>>>

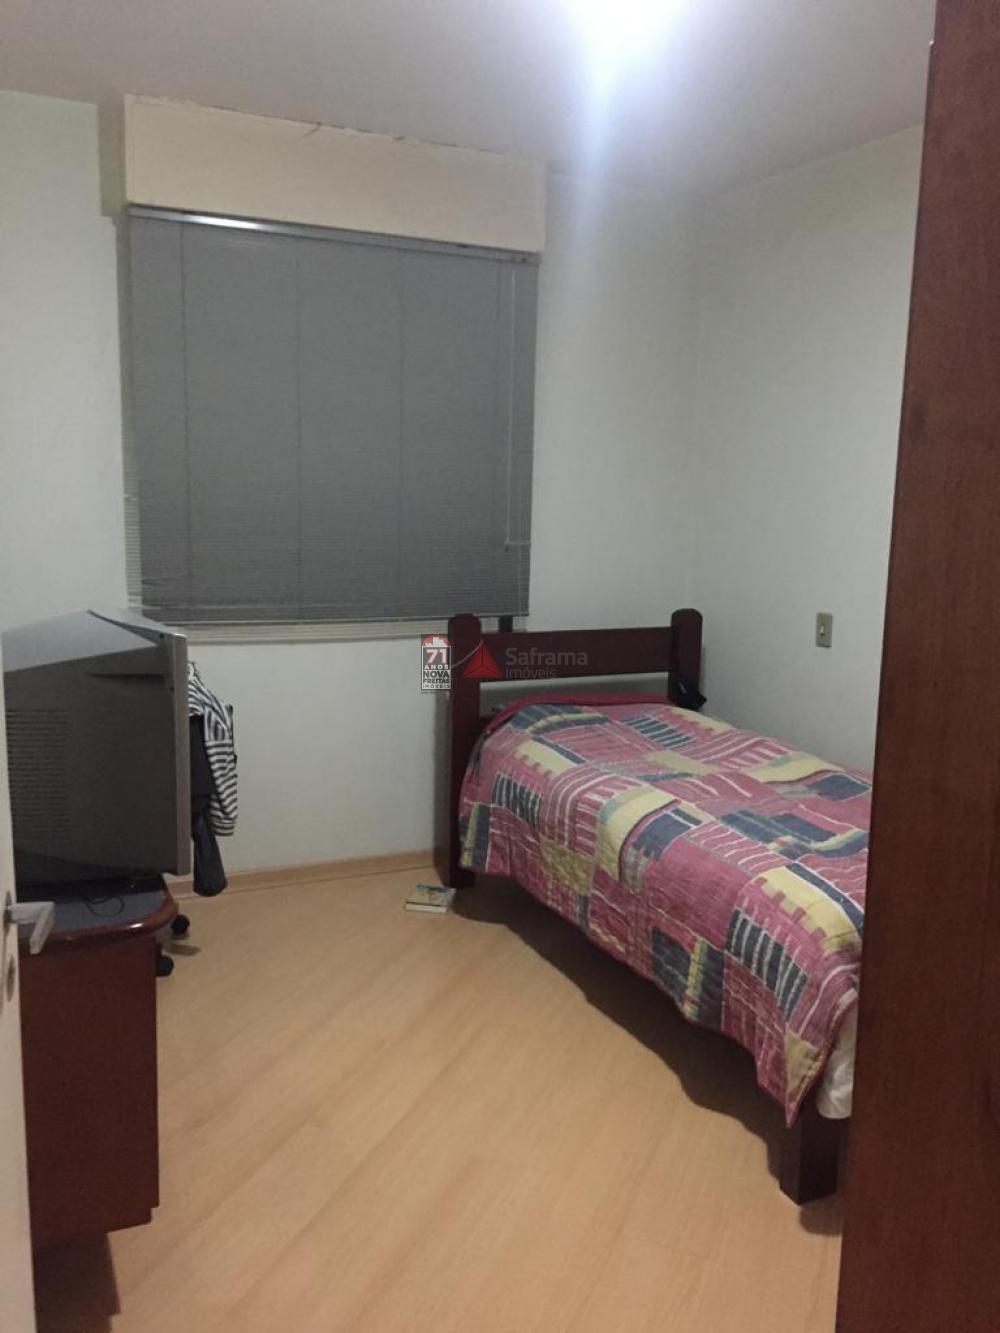 Comprar Apartamento / Padrão em São José dos Campos apenas R$ 520.000,00 - Foto 8
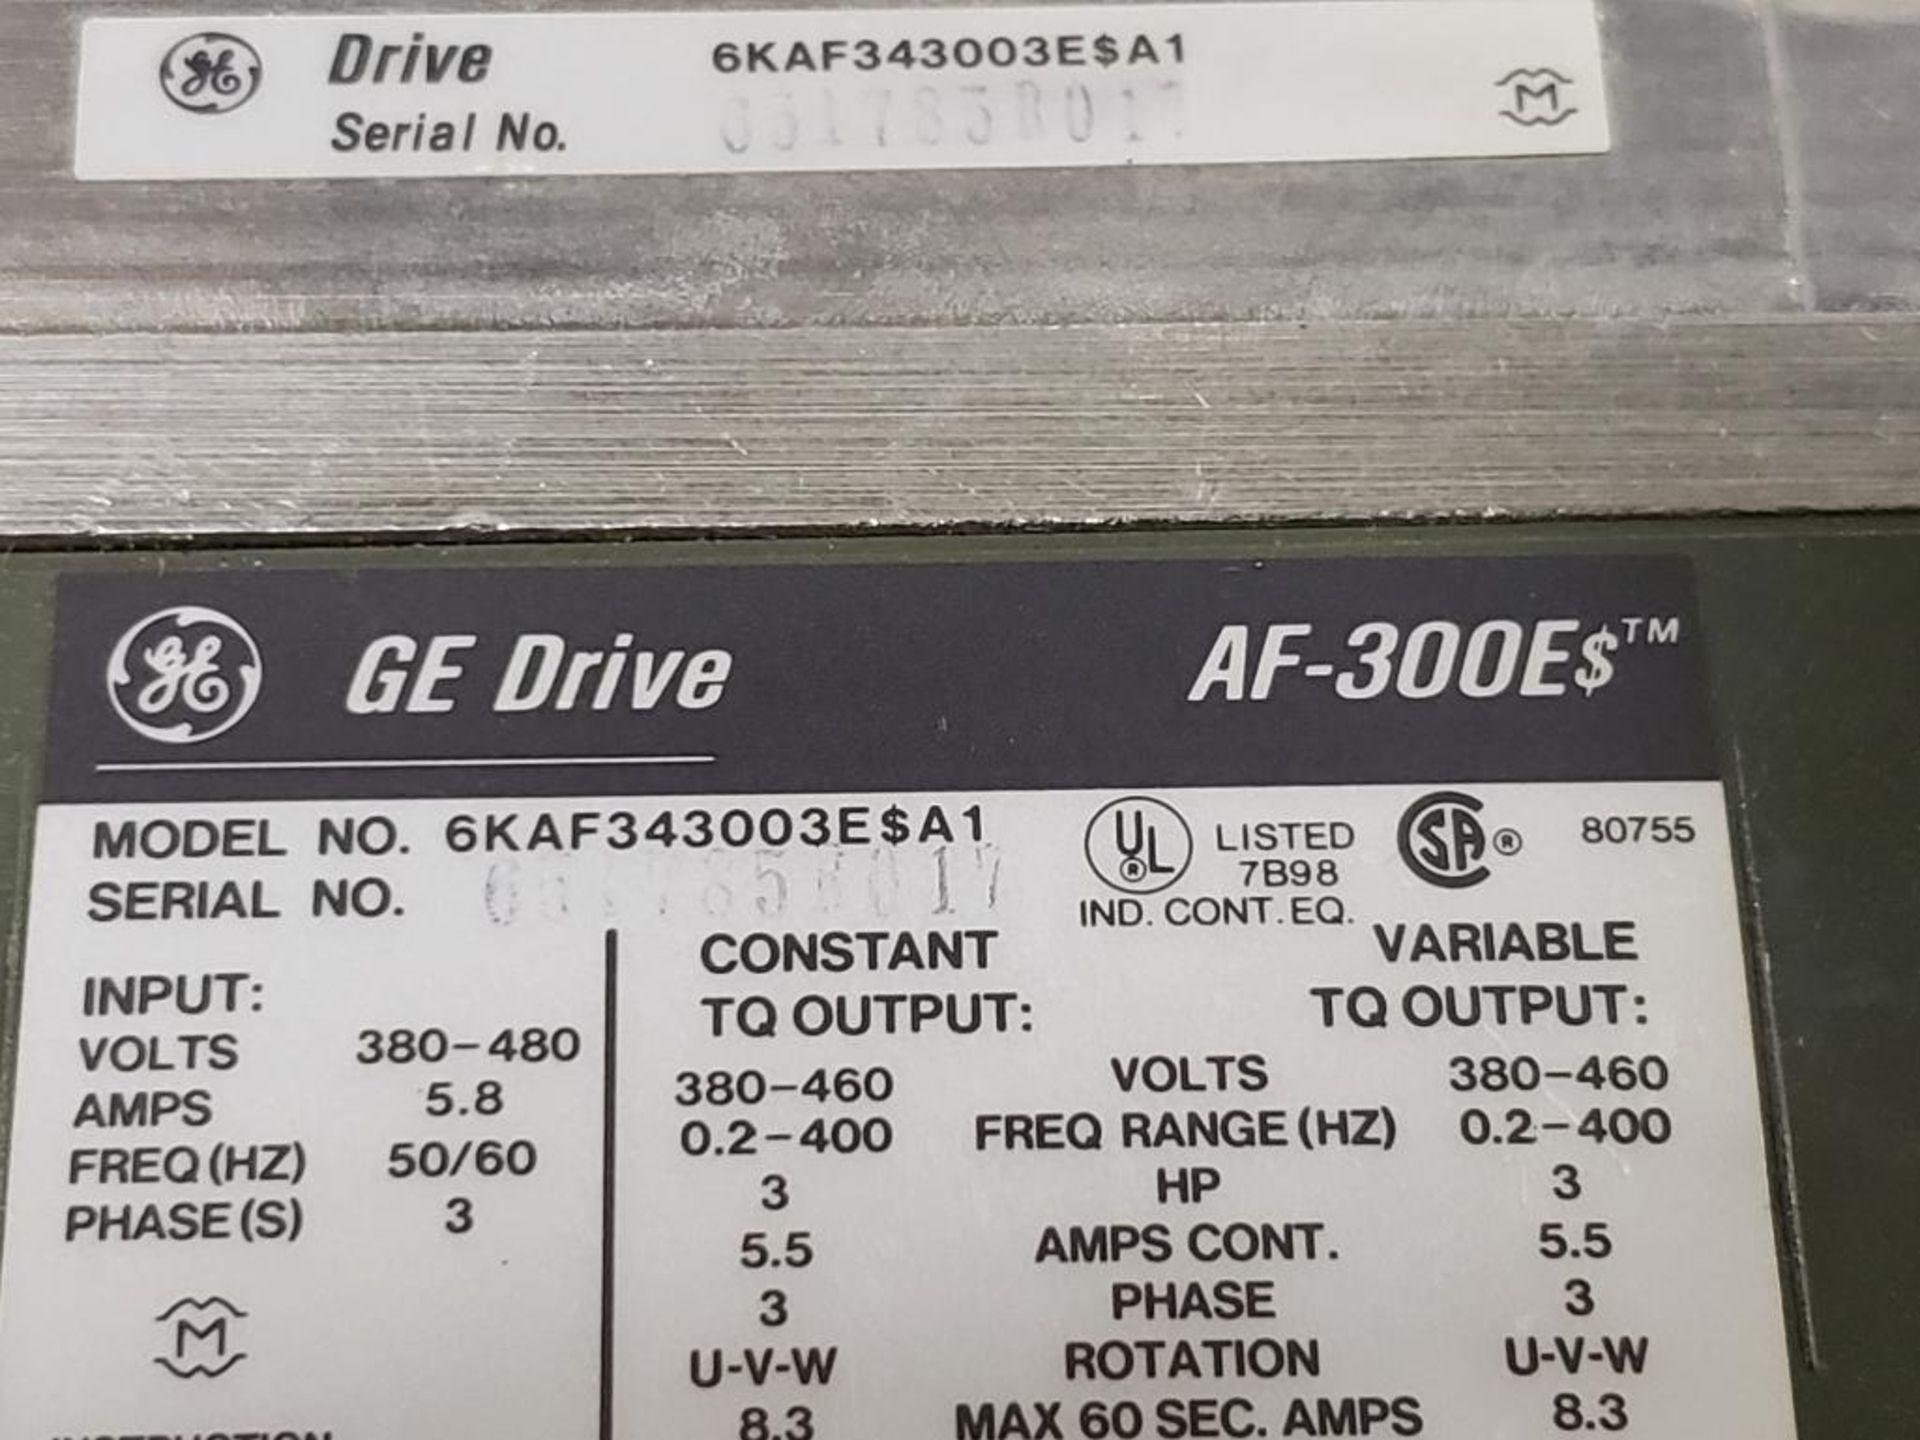 GE AF-300E$ Drive. 6KAF343003E$A1. - Image 5 of 6
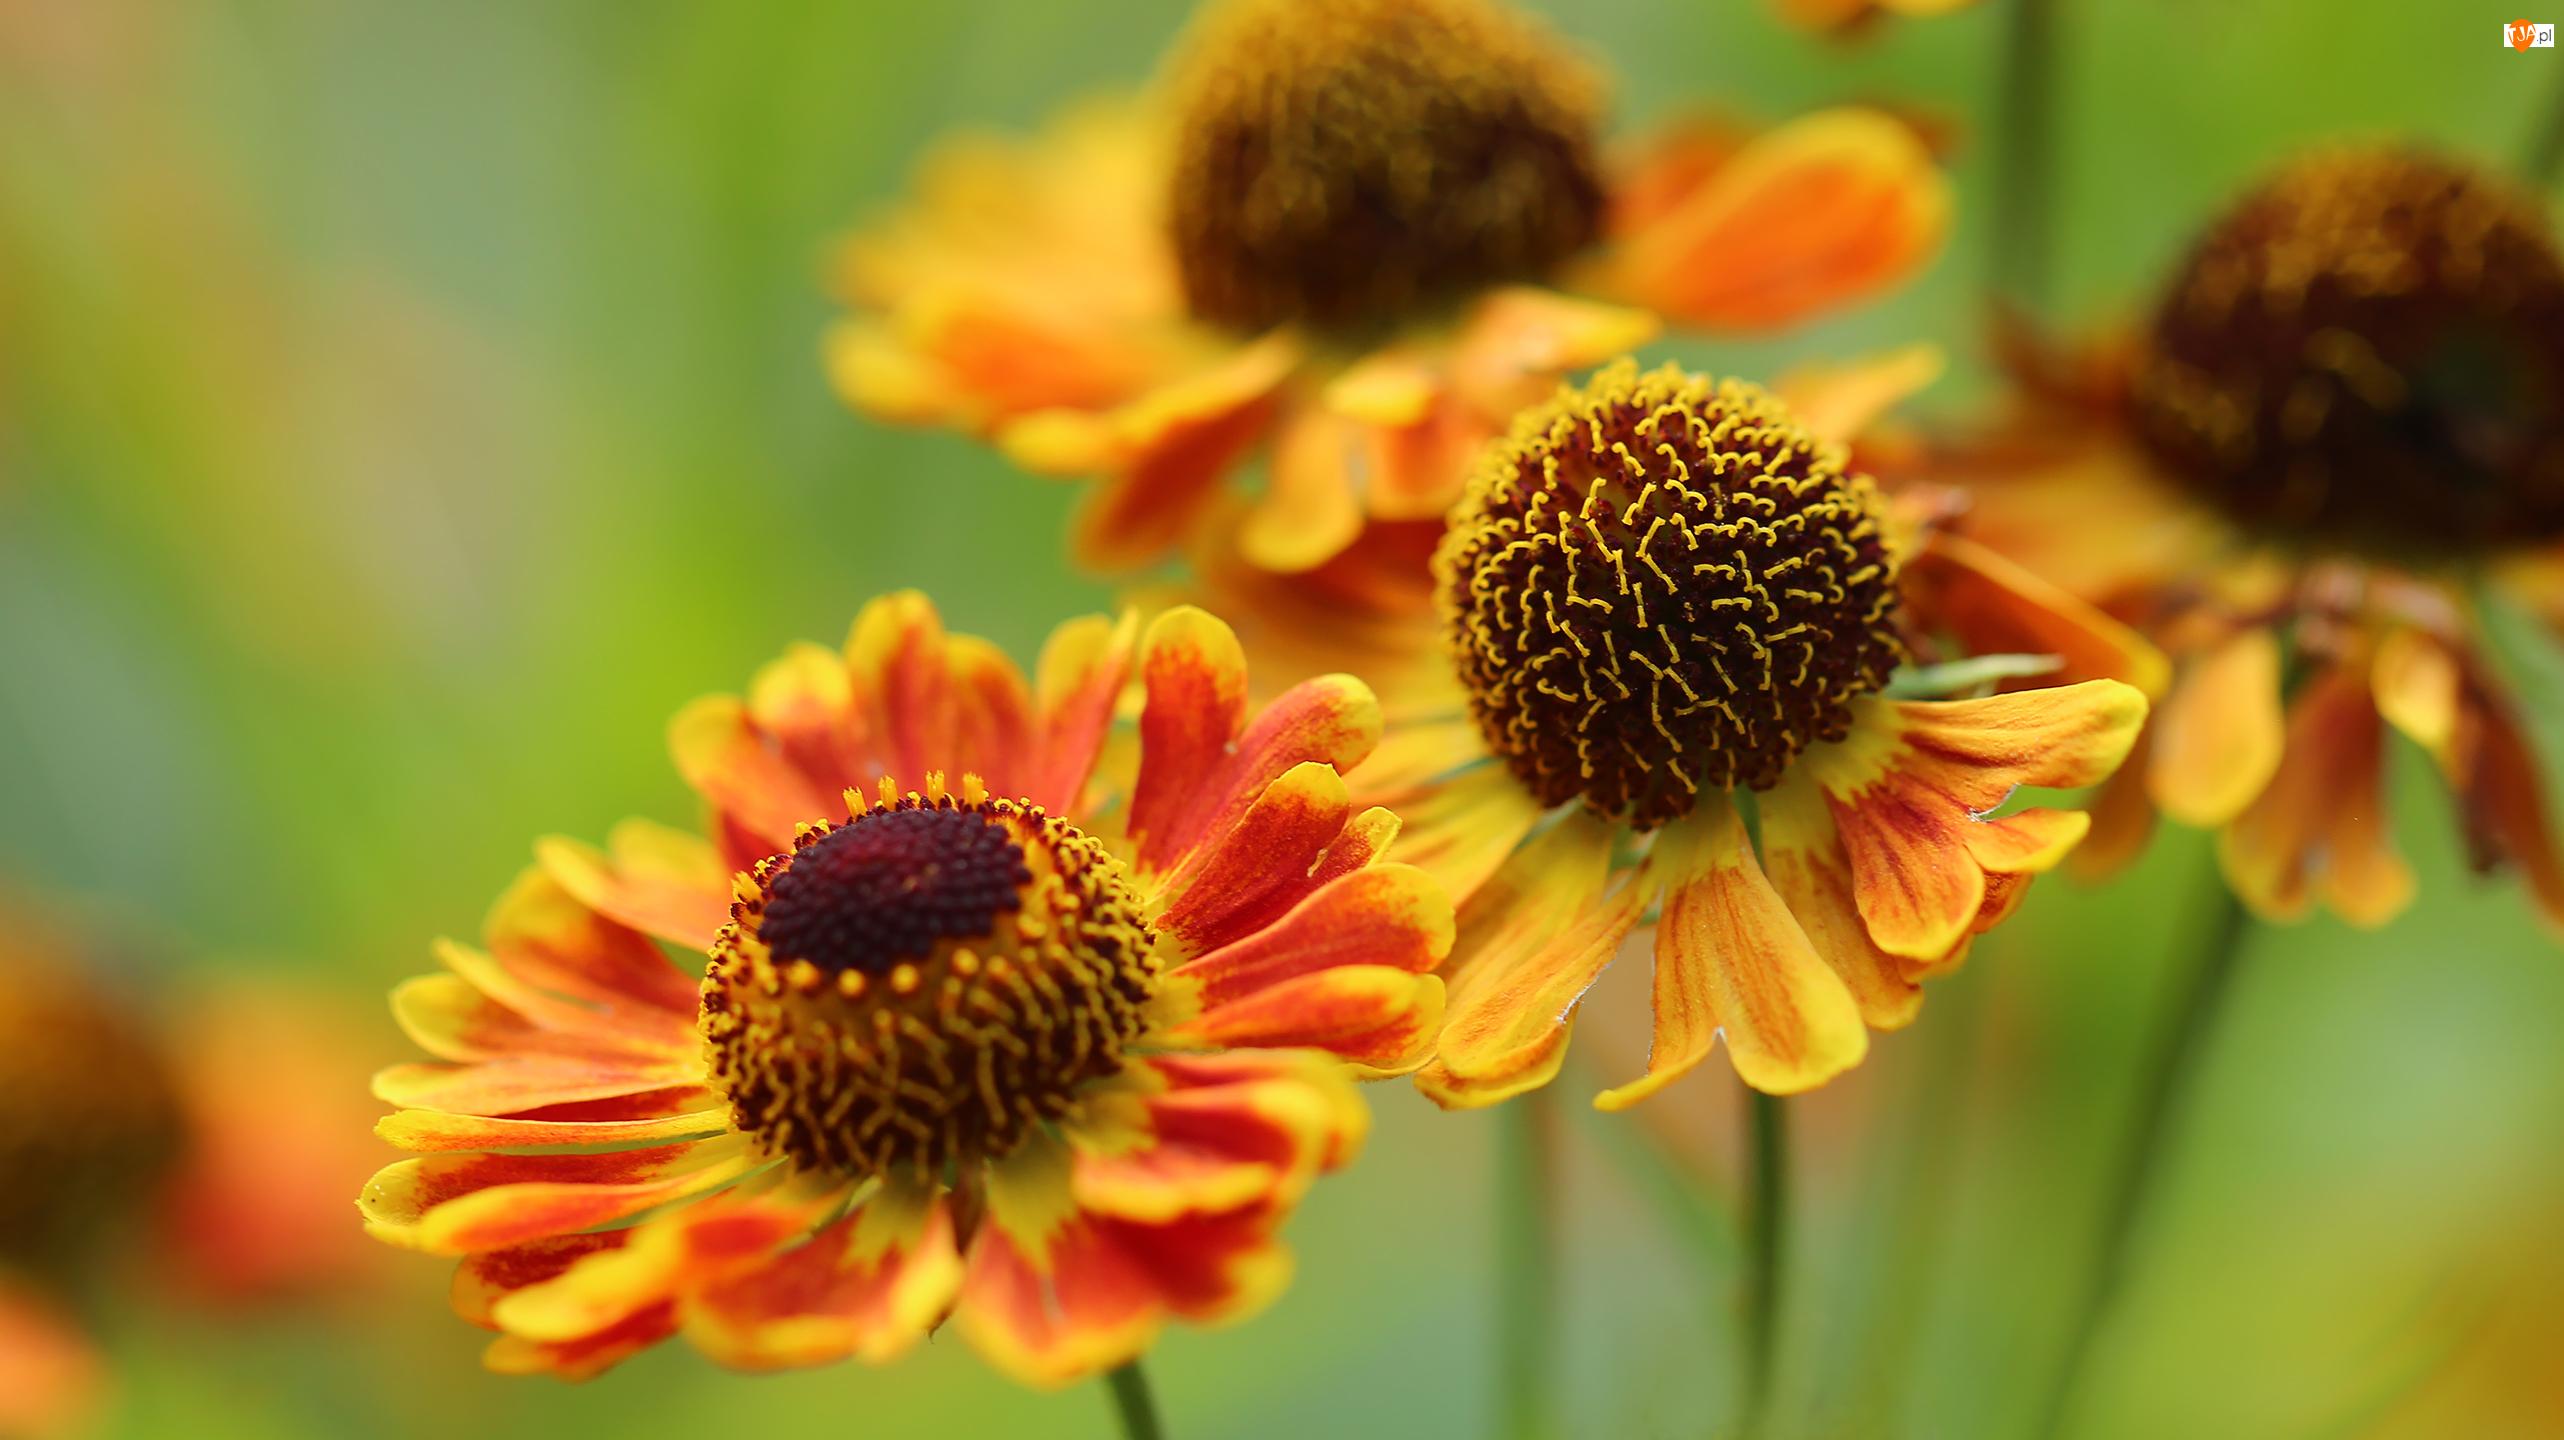 Dzielżan Ogrodowy, Żółte, Kwiaty, Czerwone

<<<

▸ **What is needed**:
What the reply must contain is an exact transcription of the data above and none of its pictures.

▸ **Exercise solution**:
 Comprar Apartamento / Padrão em São José dos Campos apenas R$ 520.000,00 - Foto 8
 GE AF-300E$ Drive. 6KAF343003E$A1. - Image 5 of 6
 Dzielżan Ogrodowy, Żółte, Kwiaty, Czerwone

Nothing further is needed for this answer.